* _Information provided_
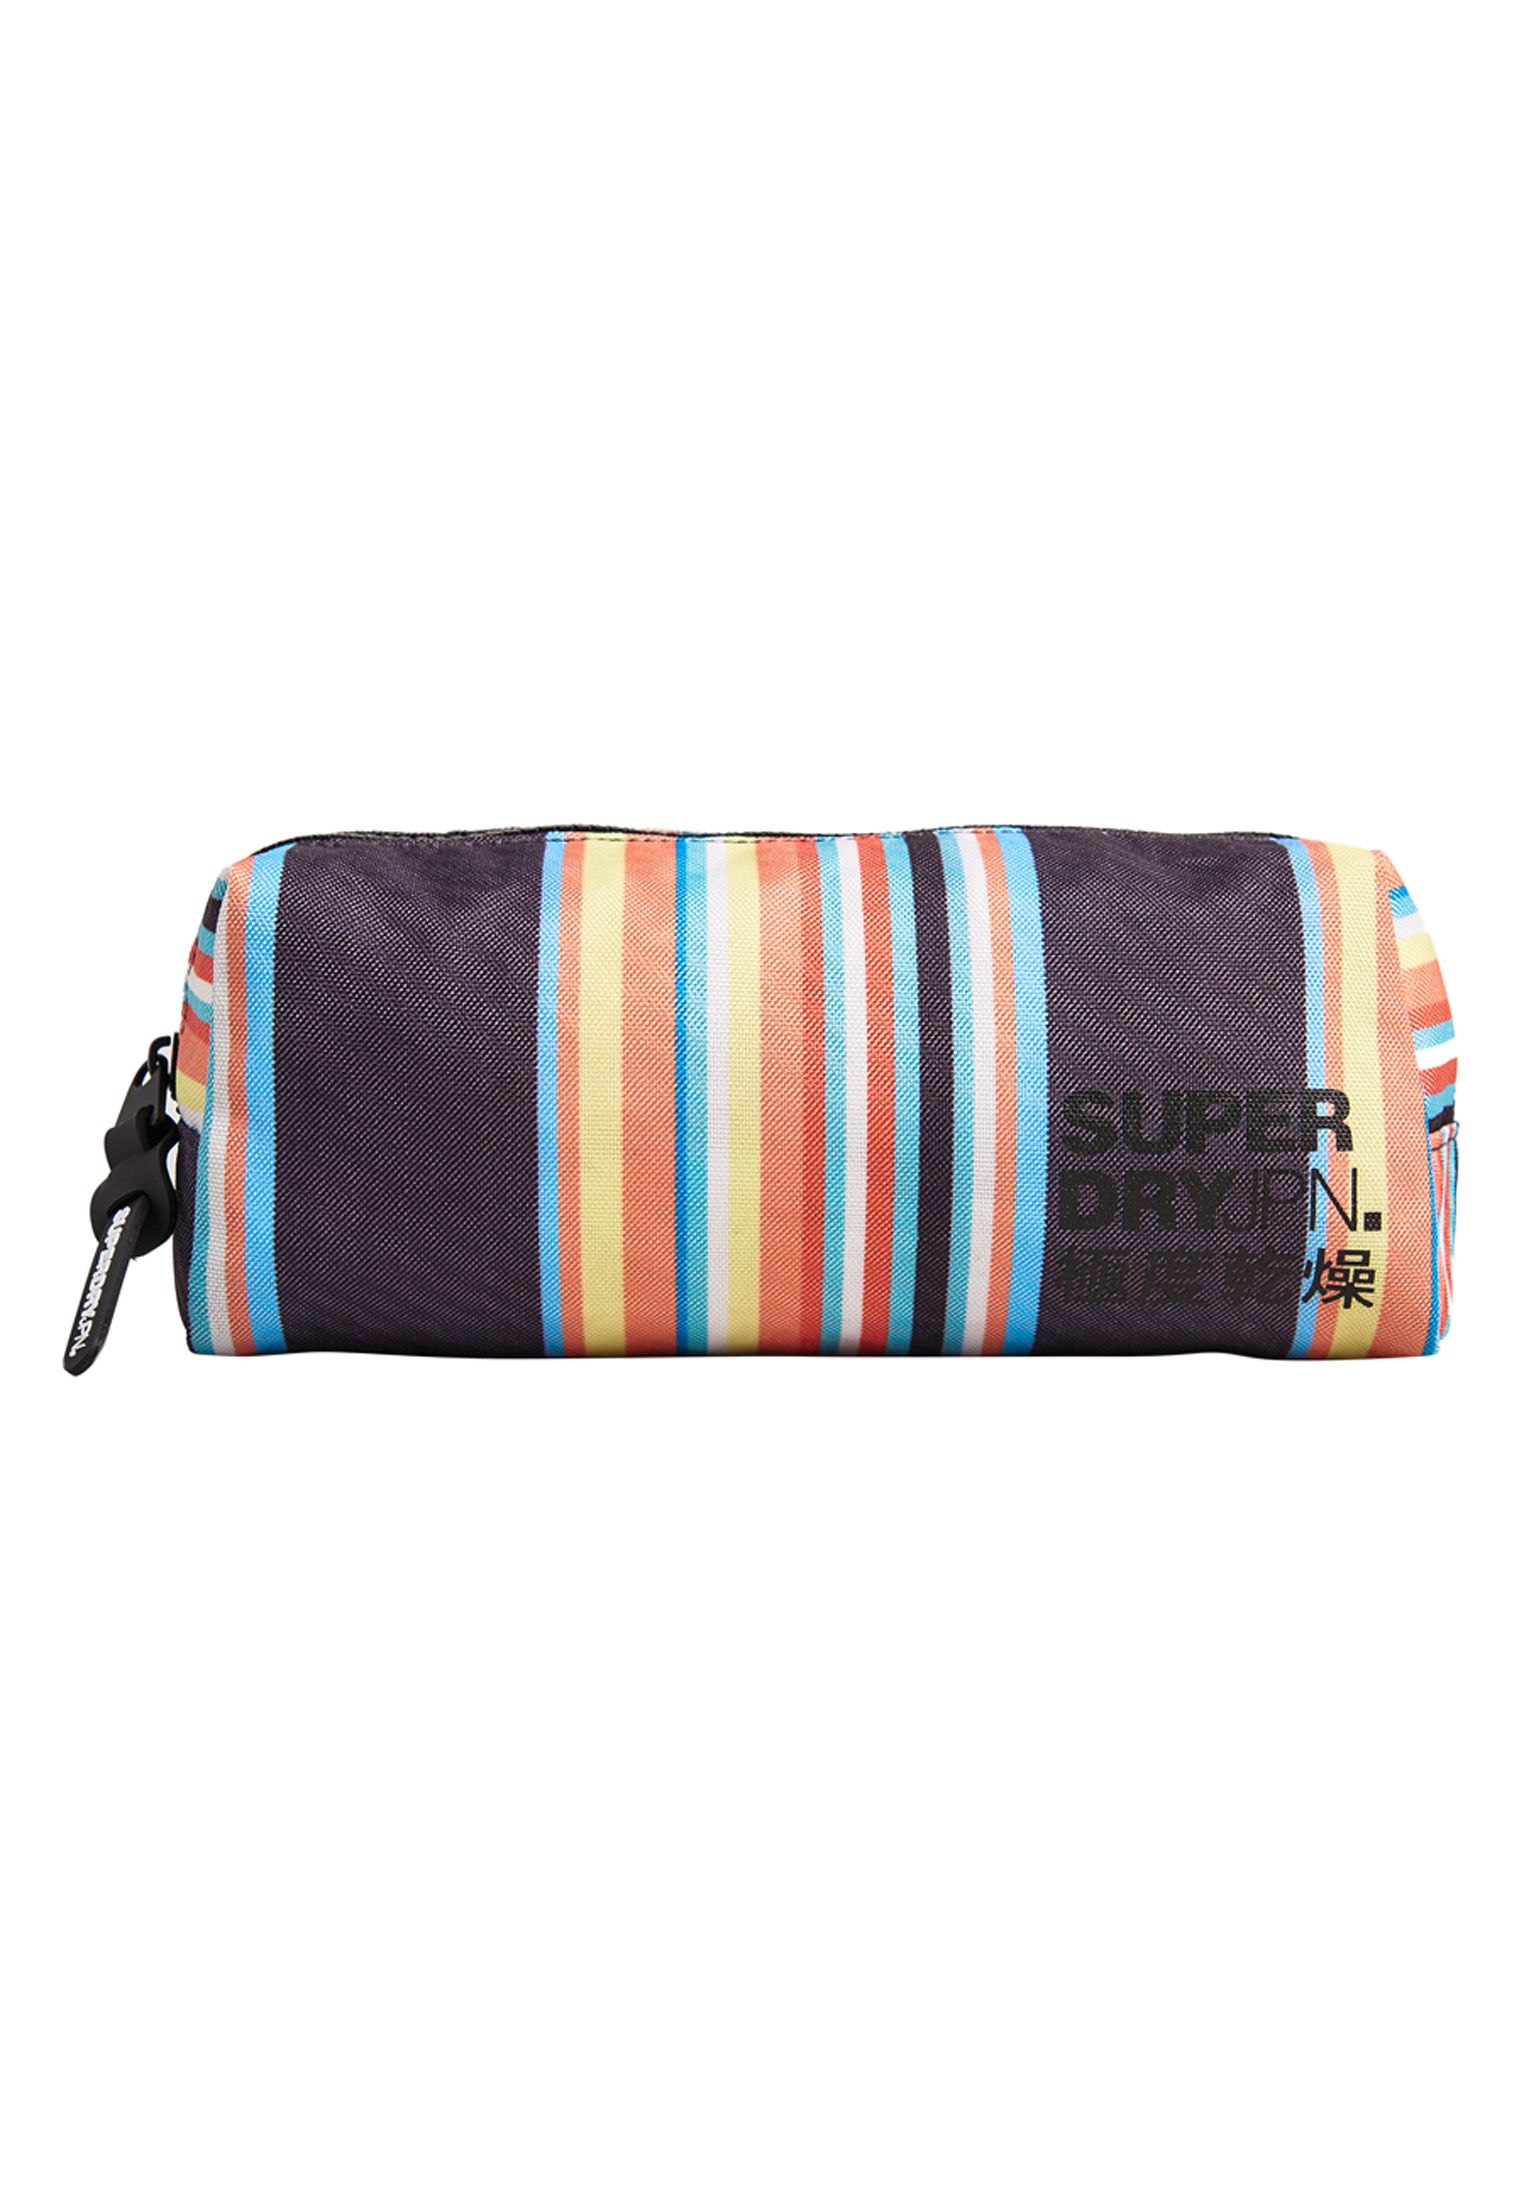 Superdry men's Classic pencil case. This classic pencil case features a zipped main compartment - plenty of room for storing all your stationery supplies. Completed with an iconic Superdry logo on the front and Superdry graphic on the zip pull.H 12cm x L 23cm x D 10cm
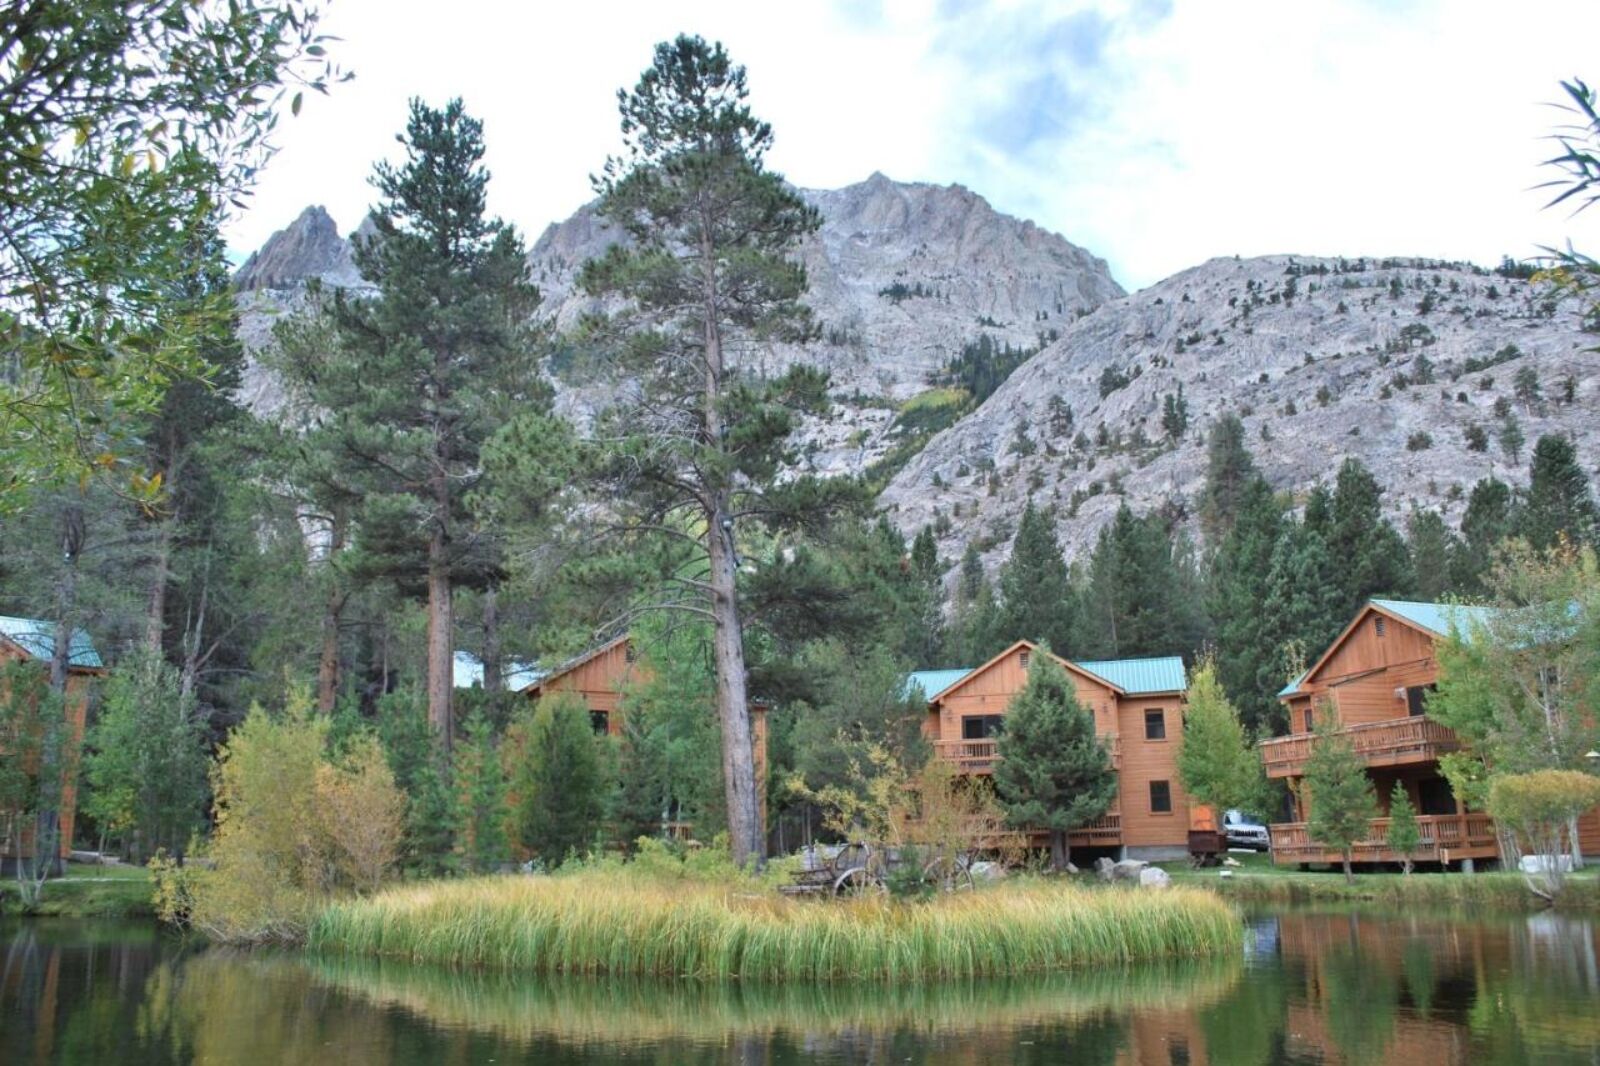 Double Eagle Resort and Spa  one of the best Yosemite hotels
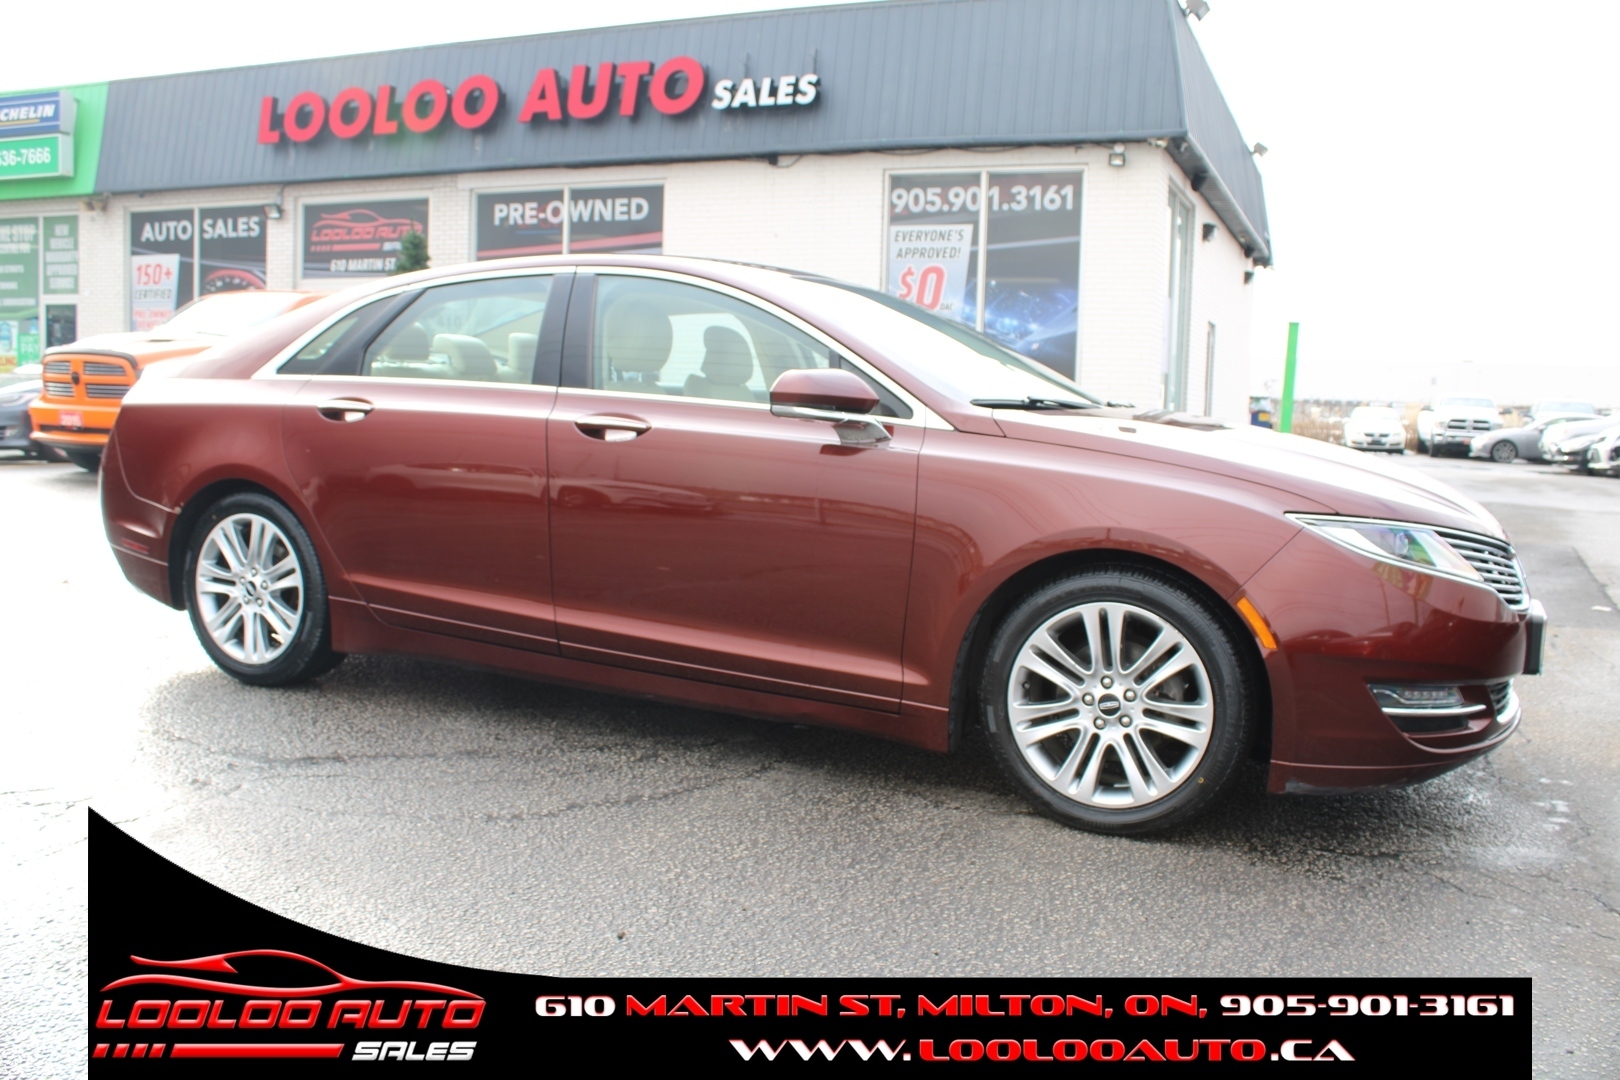 2015 Lincoln MKZ Sedan Camera Leather $89/Weekly Certified

* _Exercise_
When the listing is transcribed, every line must match the original exactly, and the pictures must be left out.

* _Answer to this exercise_
 Superdry men's Classic pencil case. This classic pencil case features a zipped main compartment - plenty of room for storing all your stationery supplies. Completed with an iconic Superdry logo on the front and Superdry graphic on the zip pull.H 12cm x L 23cm x D 10cm
 Double Eagle Resort and Spa  one of the best Yosemite hotels
 2015 Lincoln MKZ Sedan Camera Leather $89/Weekly Certified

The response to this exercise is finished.